1. Mean Absolute Error (MAE) - This metric measures the average absolute difference between the predicted and actual values. The lower the value the better the model.
2. Mean Squared Error (MSE) - This metric measures the average squared difference between the predicted and actual values. The lower the value the better the model.
3. Root Mean Squared Error (RMSE) - This metric is the square root of MSE. It is measured in the same units as the target variable. The lower the value the better the model.
4. R Squared - This is what percentage of the model is explained by the model. Higher values are better

# Calculate the metrics for the model
from sklearn.metrics import r2_score
r_squared = r2_score(y_test, predictions)
MAE = metrics.mean_absolute_error(y_test, predictions)
MSE = metrics.mean_squared_error(y_test, predictions)
RMSE = np.sqrt(MSE)

# create a dataframe of the metrics and print the model metrics
Metrics = [['MAE', 'MSE', 'RMSE', 'R Squared']]
met = pd.Series([MAE, MSE, RMSE, r_squared], index= Metrics)
met

MAE            8.426092
MSE          103.915541
RMSE          10.193897
R Squared      0.980876
dtype: float64

The model has a value has a R square value of 0.98 meaning that 98% percent of the variability in the data can be explained by the model.

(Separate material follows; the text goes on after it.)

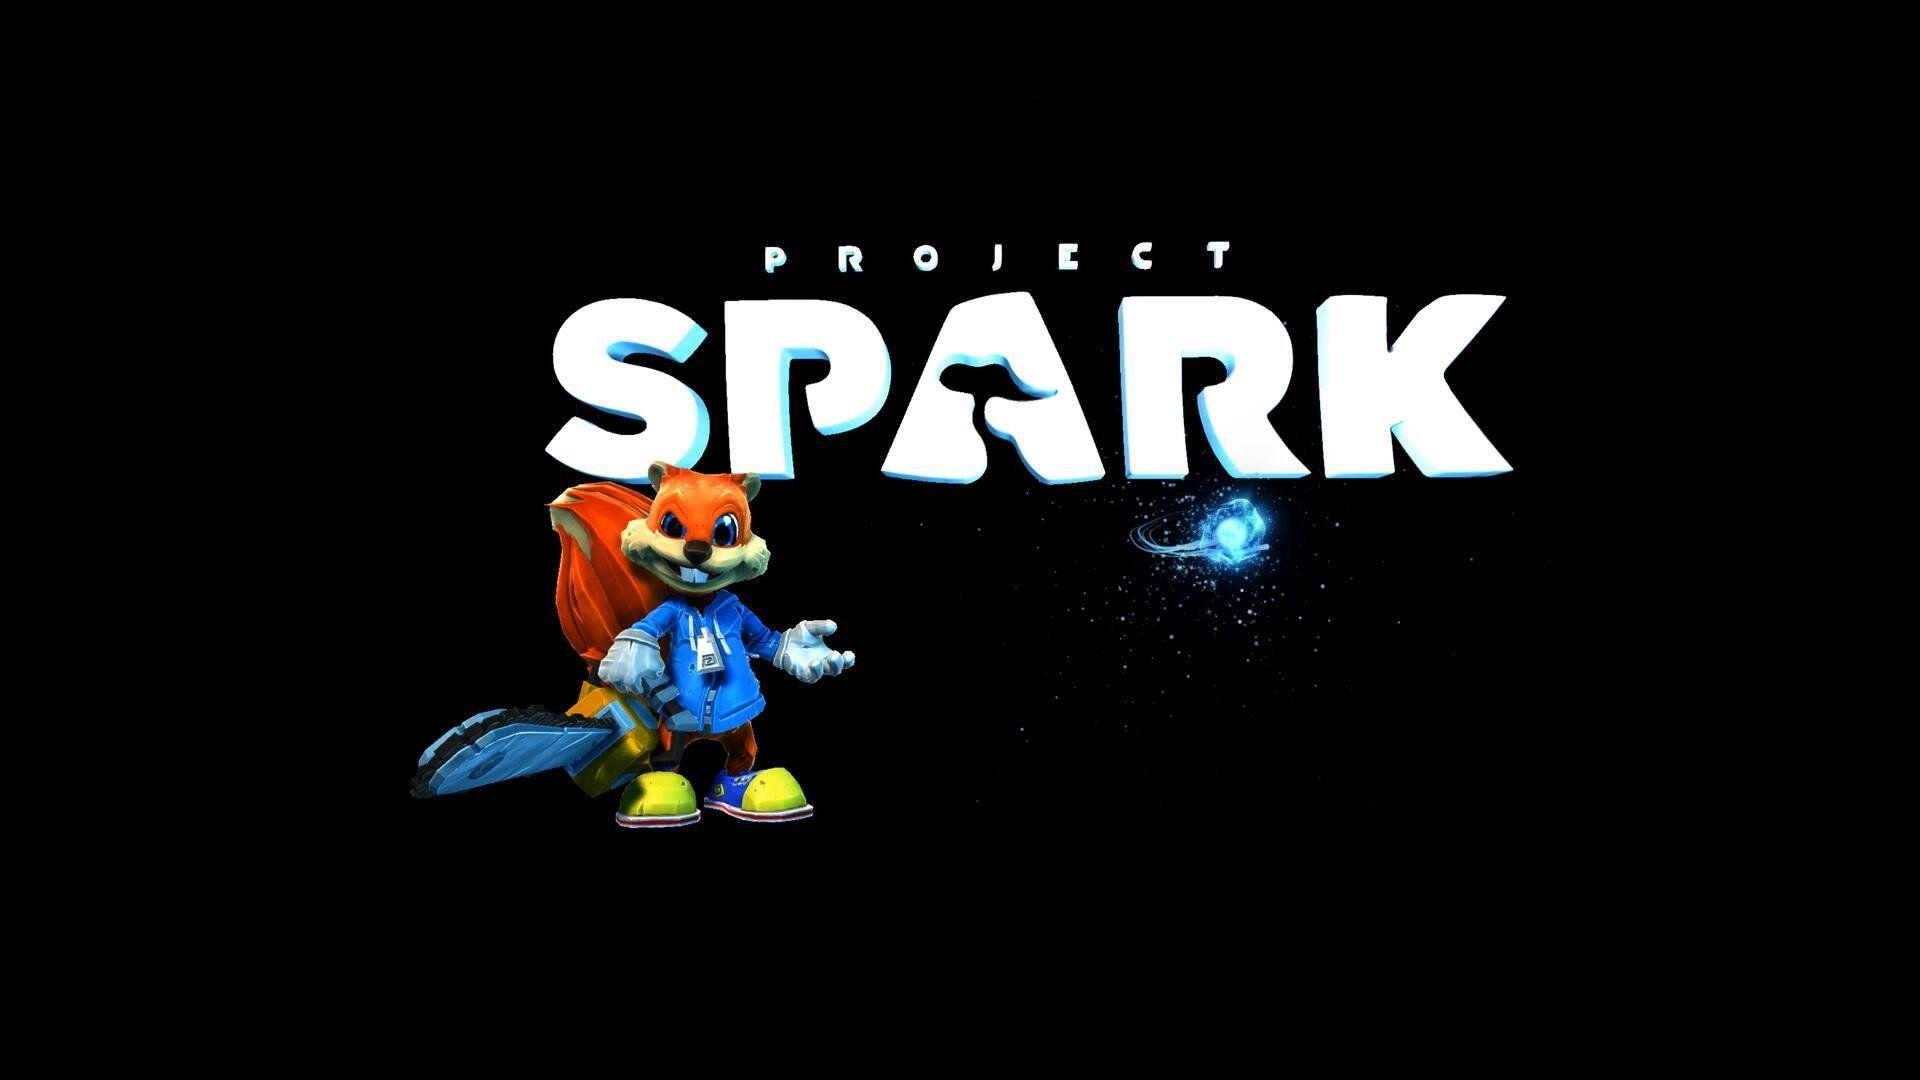 #ProjectSpark Para más información sobre #Videojuegos suscríbe a nuestra página web: www.todosobrevideojuegos.com y Síguenos en Twitter: https://twitter.com/TS_Videojuegos

In this example, we have seen the steps we can take in building linear model in python. Read more about it linear regression in the reference section. Additionally find the data in my github repository.

References

1. Cross validation in machine learning. (2023, February 15). GeeksforGeeks
2. Mckinney W (2018). Python for Data Analysis: DATA WRANGLING WITH PANDAS, NUMPY, AND IPYTHON (2nd Ed). Oriley.
3. James, G., Witten, D., Hastie, T., Tibshirani, R., & Taylor, J. (2023). An introduction to statistical learning: With applications in Python. Springer Nature.